▶ **Data below**:
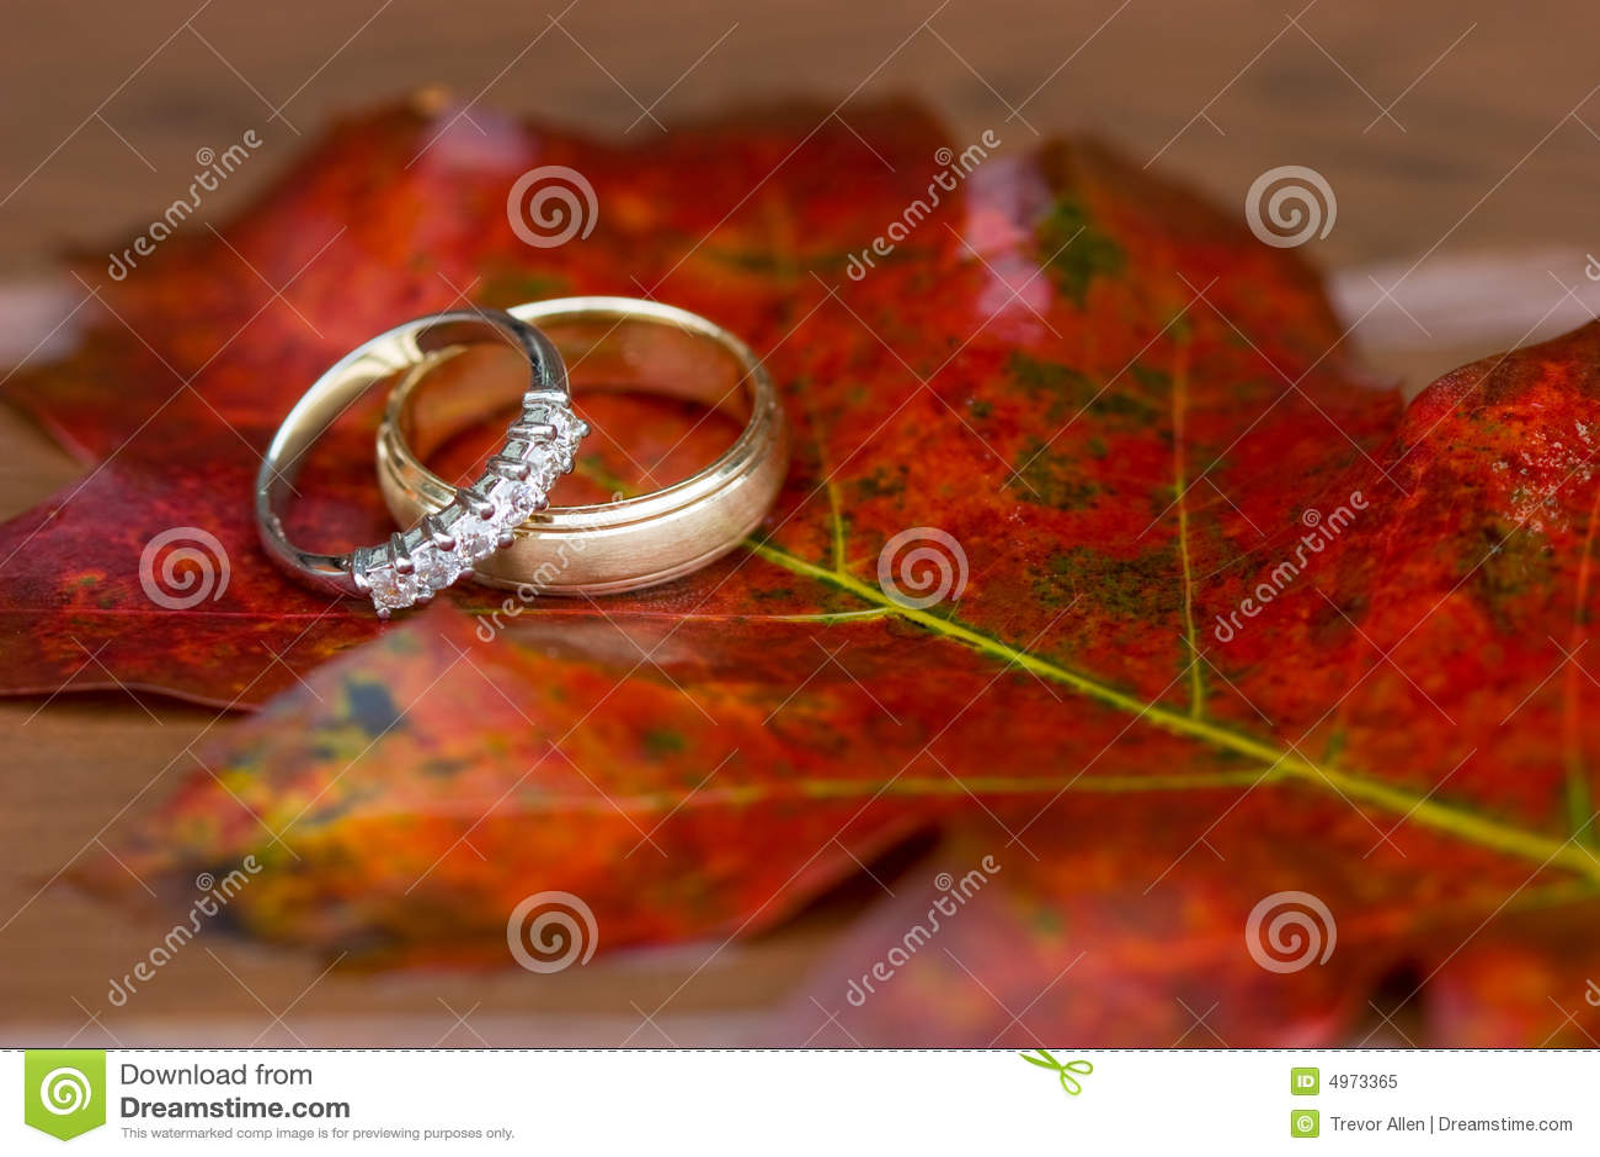 Wedding Rings in the Fall
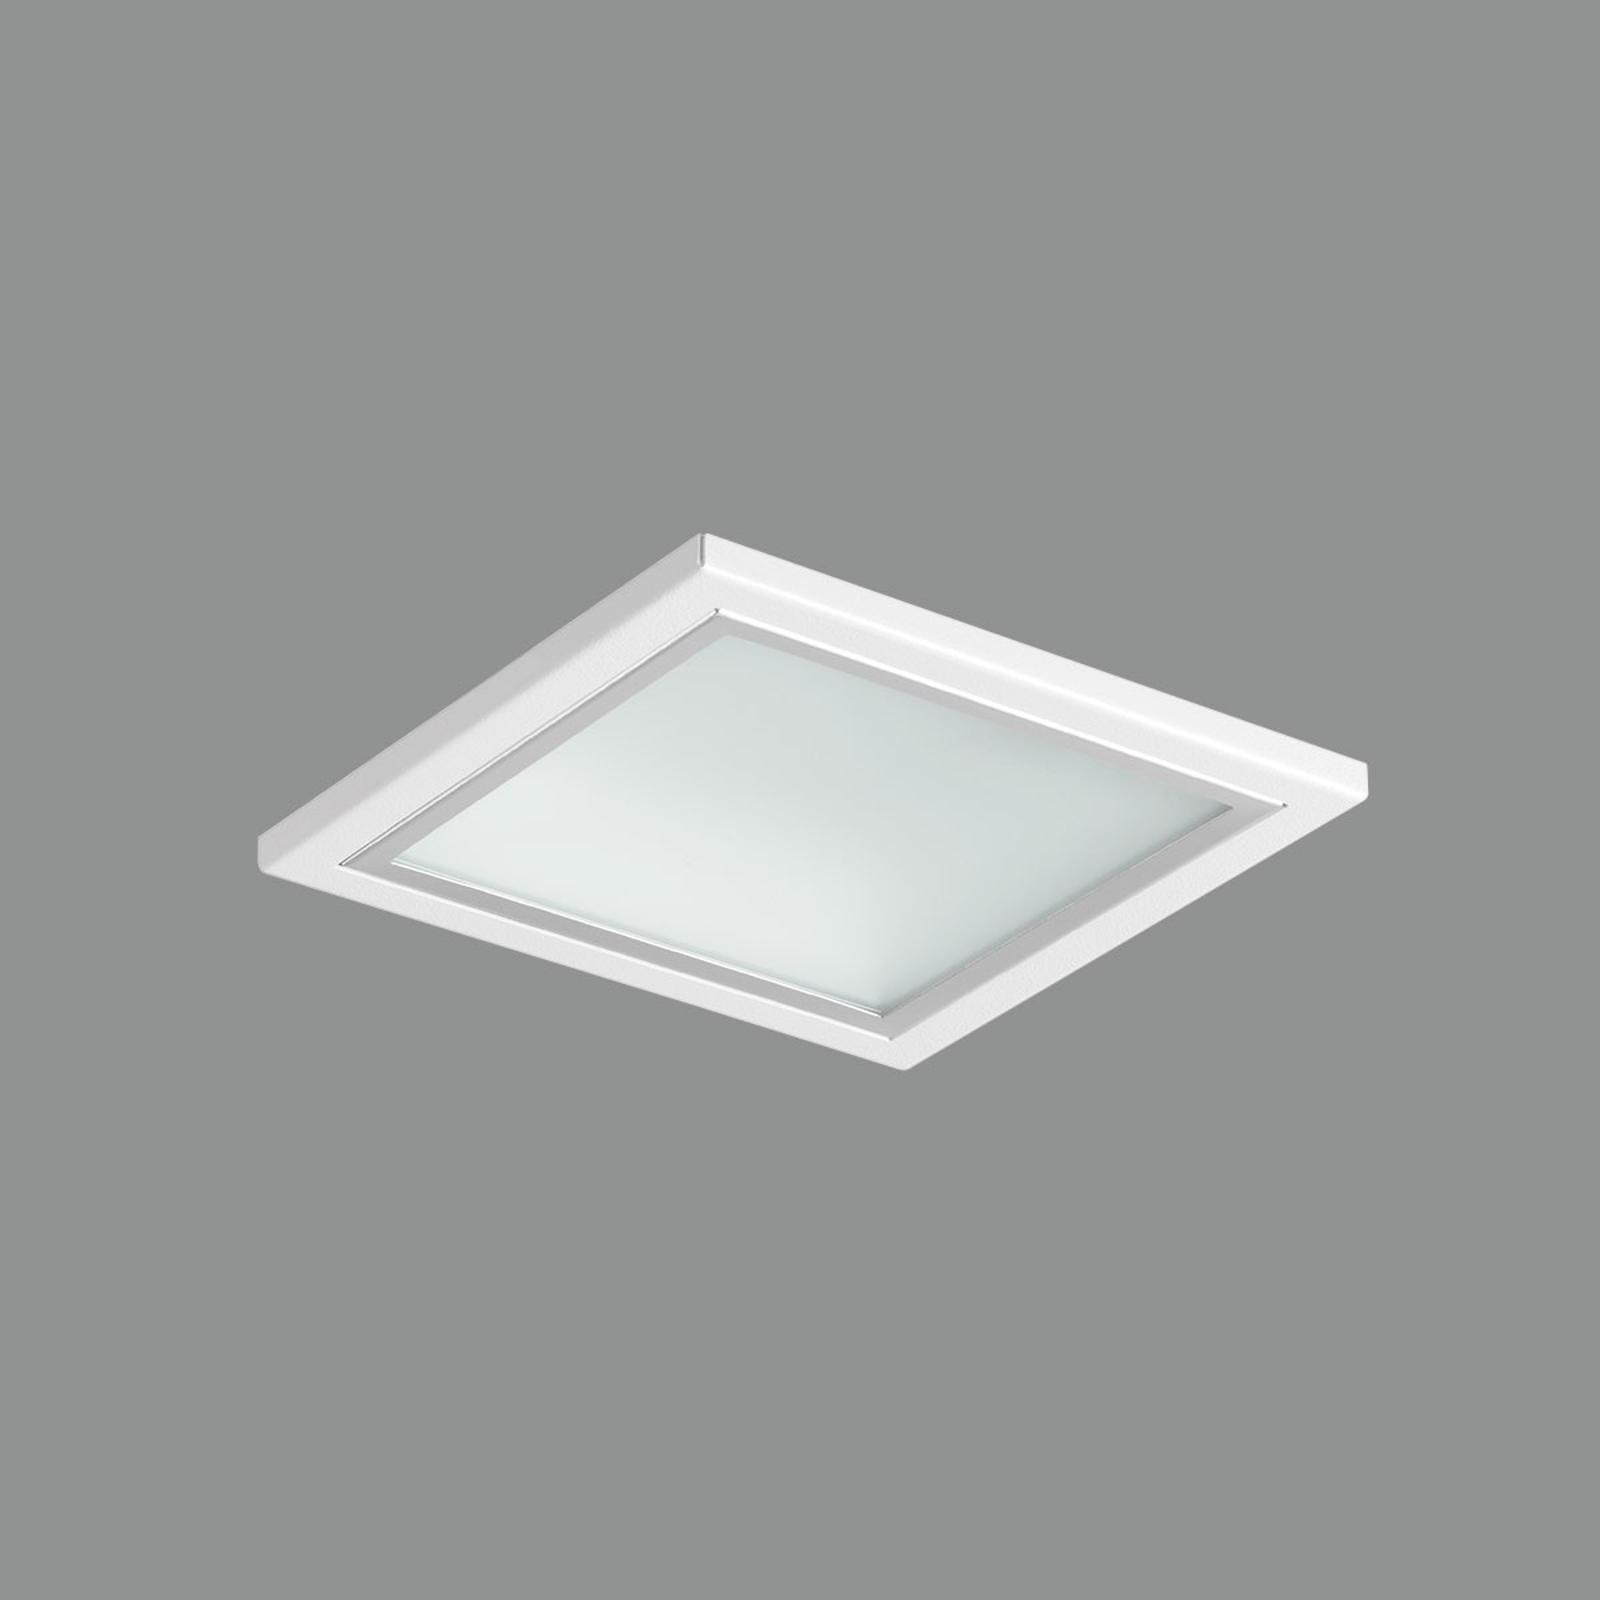 Downlight LED Noviel S PRO, 20 W, 79°, 3000K
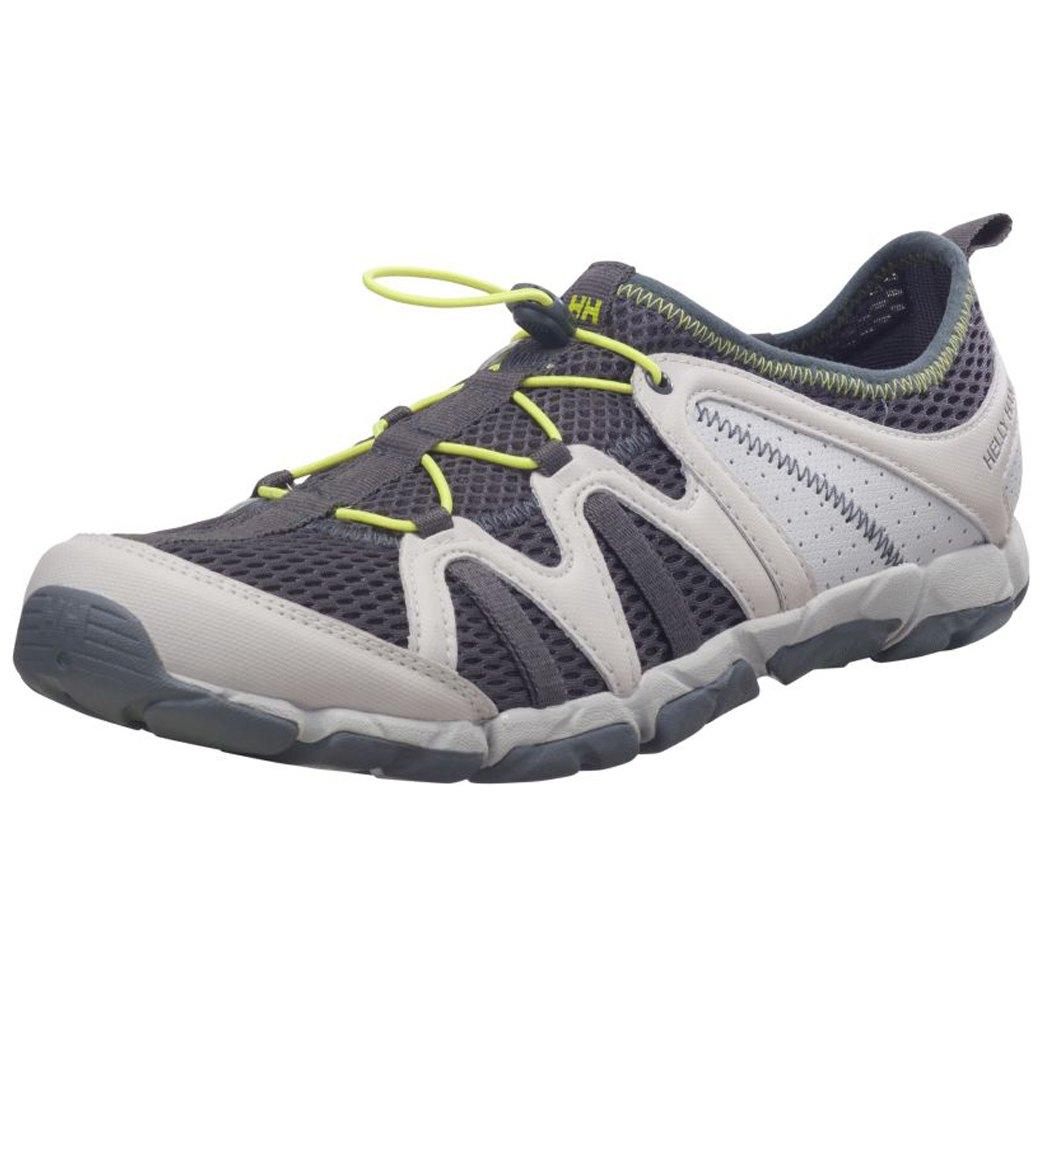 2983254293c5 Helly Hansen Men s Aquapace Water Shoes at SwimOutlet.com

▶ **What is expected**: From the line that contains "Downlight LED Noviel S PRO, 20 W, 79°, 3000K" down to the last line of the material above, every line must be repeated exactly, with pictures removed and both end lines included.

▶ **Response to the exercise**:
 Downlight LED Noviel S PRO, 20 W, 79°, 3000K
 2983254293c5 Helly Hansen Men s Aquapace Water Shoes at SwimOutlet.com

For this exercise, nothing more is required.